APPEAL from the First District Court, Parish of Caddo. Taylor J.

J. C Egan and F. G. Thatcher, for Plaintiffs and Appellants.

Land &amp Land, for Defendants and Appellees.

J. R. Land, District Attorney, for the State of Louisiana, Intervenor and Appellee.

OPINION

PARLANGE, J.

This is an injunction suit to restrain the construction of a dam across Bayou Pierre.

Plaintiff owns a plantation in Caddo parish, known as Grigsby's Island, and which is bounded on one side by Red river and on the other sides by bayous or streams connecting with Red river. Bayou Pierre bounds her plantation in the rear. She complains that A. Hart, and H. B. Richardson, pretending to act as chief engineer of the Board of State Engineers, and F. M. Kerr, pretending to act us engineer of said board, have combined and conspired to build a dam across Bayou Pierre at a distance of about one mile and a half from Red river, and of about a quarter of a mile from the lowest point of her land. She alleges that the defendants have announced their intention to close Bayou Pierre, and have actually begun the work necessary to carry out their purpose. She alleges that the defendant Hart was employed almost wholly by private persons to do said work.
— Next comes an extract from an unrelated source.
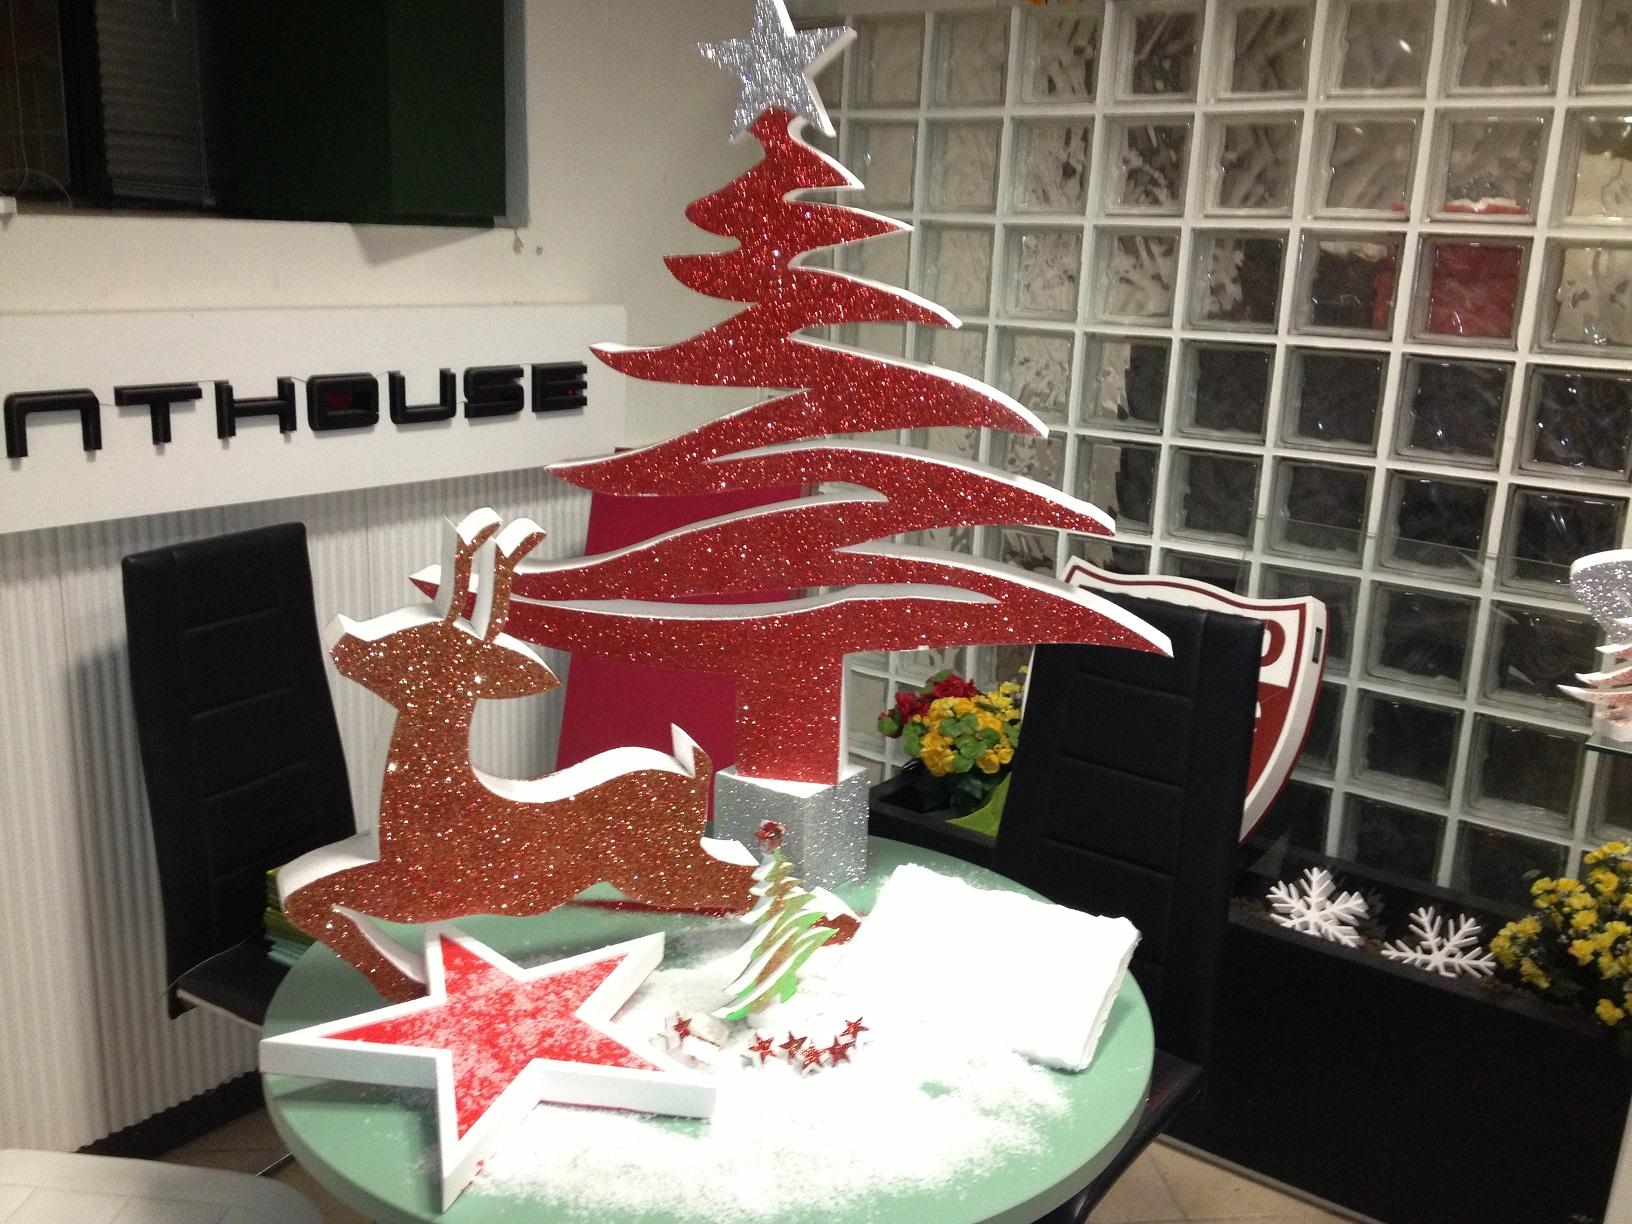 Decorazioni natalizie polistirolo uf26 regardsdefemmes - Decorazioni in polistirolo ...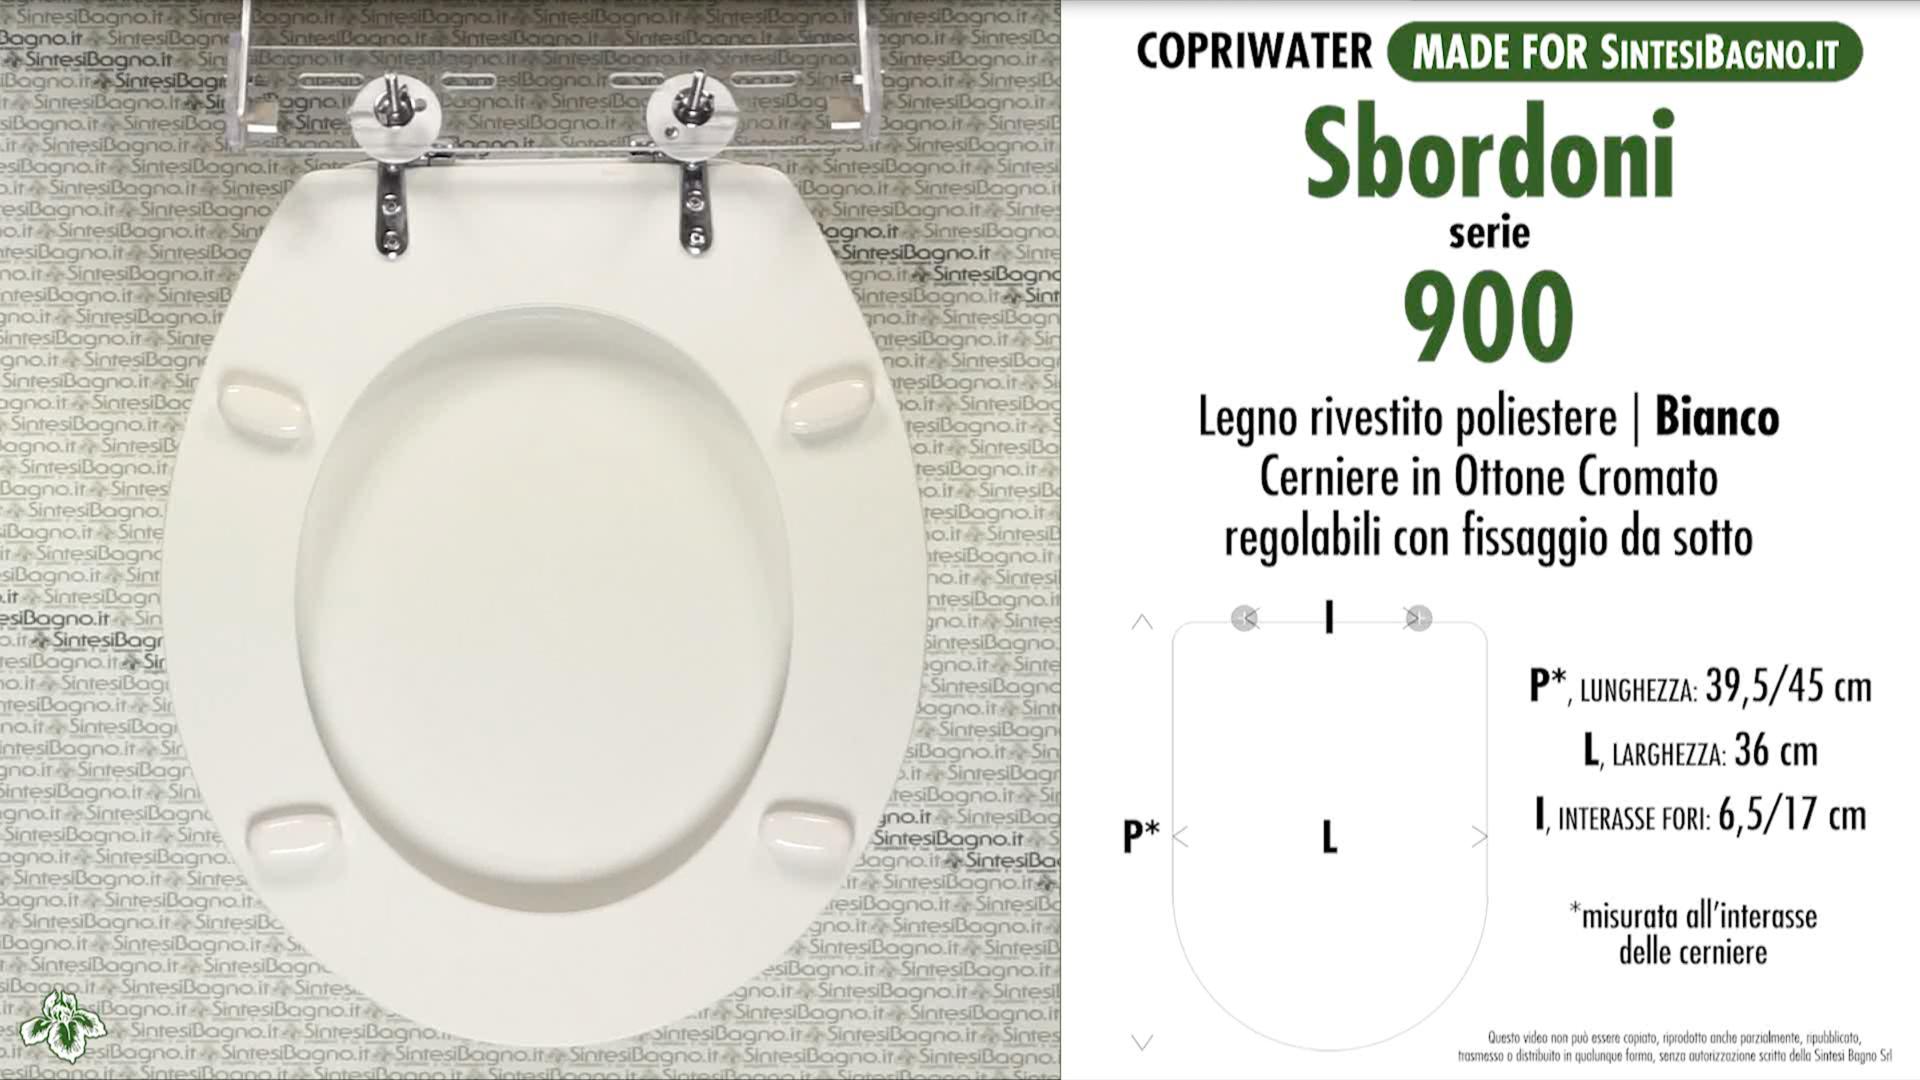 SCHEDA TECNICA MISURE copriwater SBORDONI 900 NOVECENTO

That the necessary funds were supplied by interested private parties who, for their own selfish interests and from no public motive, have entered into the combination to dam said bayou. That any pretended contract between Hart and the State is a mere pretext or subterfuge and was intended as a cloak to cover their illegal acts, and with the hope to shield themselves from the legal consequences of their wrongful acts. She avers specially that, if the acts of defendants are claimed to be done by virtue of any contract with the State or its officials, and in accordance with law, the Board of Engineers has no power to close such a natural outlet as Bayou Pierre is, and she says that since the passage of Act 74 of 1892 the Board of Engineers is without power to advertise for bids and to let contracts for building public levees in Caddo parish and for closing Bayou Pierre; but that said power is lodged exclusively in the Board of Commissioners of the Caddo Levee District, and that, if the Board of Engineers has let a contract for closing Bayou Pierre since the passage of Act 74 of 1892, it has done so without authority from the district commissioners. That, if the authority is claimed under Sec. 18 of Act 74 of 1892, said section is unconstitutional.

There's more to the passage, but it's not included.